# For Sale: 2012 Tracker Pro 165 $7500



## Ballbagz (Nov 11, 2021)

Hi everyone! I have up for sale my 2012 Tracker Pro165 bass boat. It is in excellent condition with many upgrades. It is currently in Las Vegas.

I purchased the boat new from Bass Pro in 2012. It is 16.5' with a 20HP 4 stroke Mercury Motor. It currently only has 36 hours of run time on the motor. I have had it serviced when recommended by Tracker. It has only been stored in the garage. It truly is in excellent condition with very little use as you can see from the minimal hours. I bought it to fish Miramar and Hodges hence the 20 HP motor. I use to frequent El Cap as well. From my experience, the 20 HP was completely fine just because most SD reservoirs have many no wake zones so the big motor bass boats were just overkill in my opinion. Now taking it out onto Lake Mead, 20HP was a joke. This is definitely not made for big water. Took it out to Lake Mead 3 times and that was it. Too dangerous in a small boat like this. 

So I put several upgrades on the boat.

Front fish finder - Lowrance Elite-4x (on a quick disconnect mount)
Rear Fish Finder - Garmin Striker Plus 5CV (BRAND NEW - installed last year but never took it out)
Power Tilt & Trim by CMC (3 switches - 1 next to motor, 1 on throttle, and 1 near trolling motor foot pedal)
Rod holders
Bass Pro XPS on board dual Battery Charger and Conditioner (with monitor mounted on dash and easy plugin when storing the boat)

2 new batteries
Guide rollers on trailer for easy retrieval
3rd Seat (removable and a custom rod holder can fit in its place)

Aside from the upgrades, also included:

marine lights
anchor
dock buoys
3 or 4 life jackets
Boat cover
tools

Other Details - 16'5 ft length with matching trailer, MotorGuide Pro trolling motor 46# thrust with foot pedal, aluminum hull, 20HP Mercury 4-stroke, Live well, Front storage, under seat storage, rear storage. rod storage.

This was a great boat for my young son and I. I hope another father/son can make some more great memories.

NADA Guides values it at 10k.
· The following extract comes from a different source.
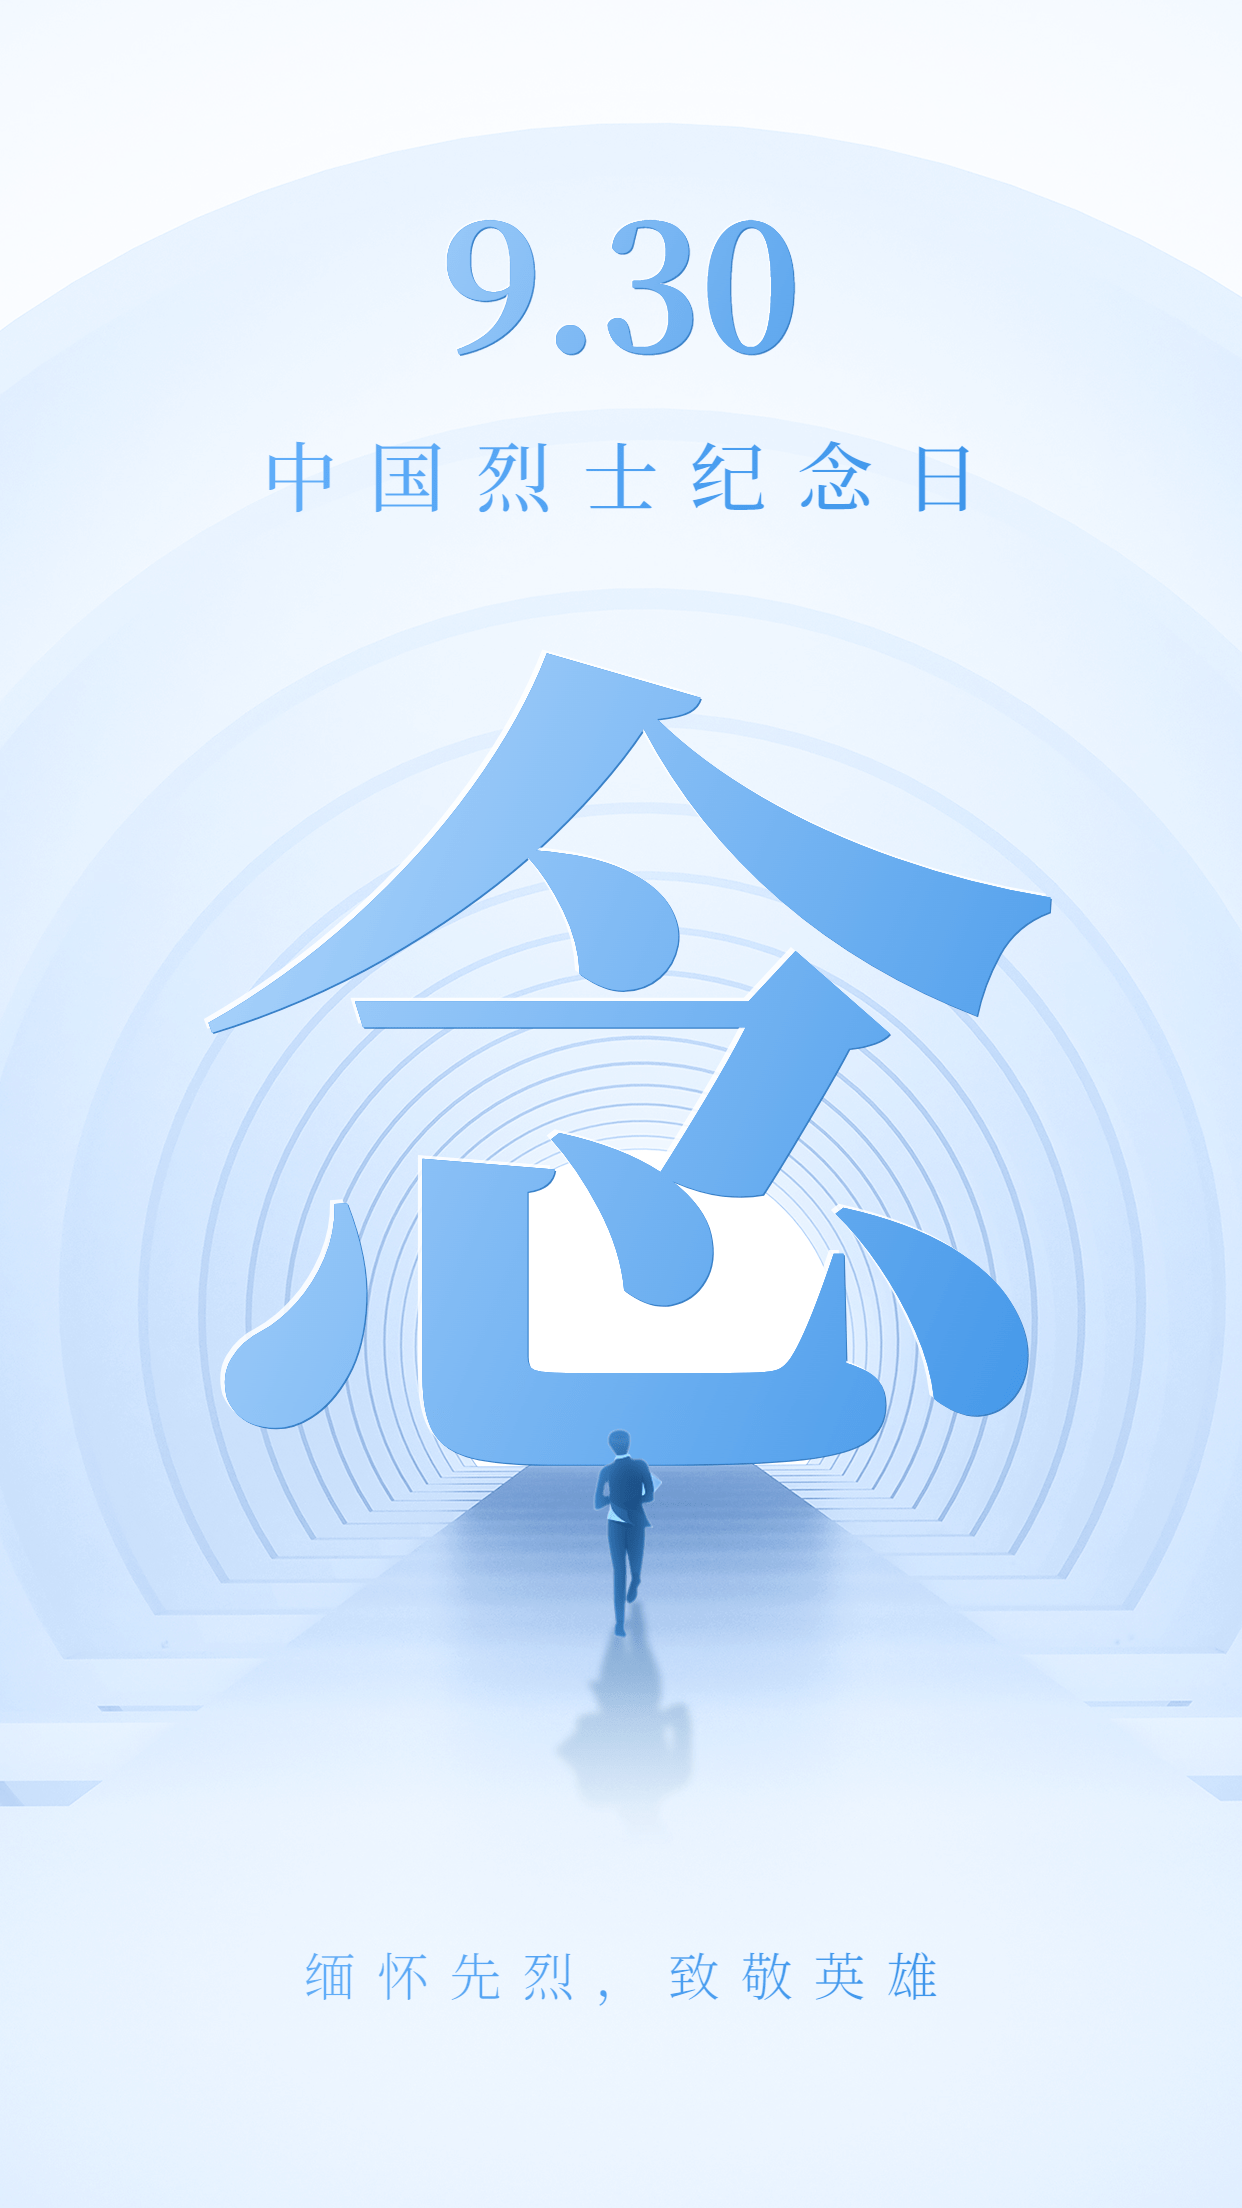 中国烈士纪念日节日宣传合成手机海报预览效果

I'm looking to get $7500 out of it. I will entertain serious offers. If you are willing to come up to Vegas then I would consider dropping the price even more. 

Contact me if you want more pics and have any questions. (858) 774-6640 call or text


----------



## taxidermist (Sep 11, 2007)

This is the kind of boat I'd strip down and make a duck boat. I like the Hull design of these. To bad its not a neglected boat that one could get for 5K less.


----------



## High Desert Elk (Aug 21, 2012)

Be a good starter boat for someone on small water.


----------



## Ballbagz (Nov 11, 2021)

taxidermist said:


> This is the kind of boat I'd strip down and make a duck boat. I like the Hull design of these. To bad its not a neglected boat that one could get for 5K less.


Just curious on what a duck boat is?


----------



## taxidermist (Sep 11, 2007)

Ballbagz said:


> Just curious on what a duck boat is?


Imagen your boat stripped down to the bare bones, only the hull. Beef up the transom, replace the OB motor with a Hyper Drive or Longtail motor. That is the basics of a "duck boat".


----------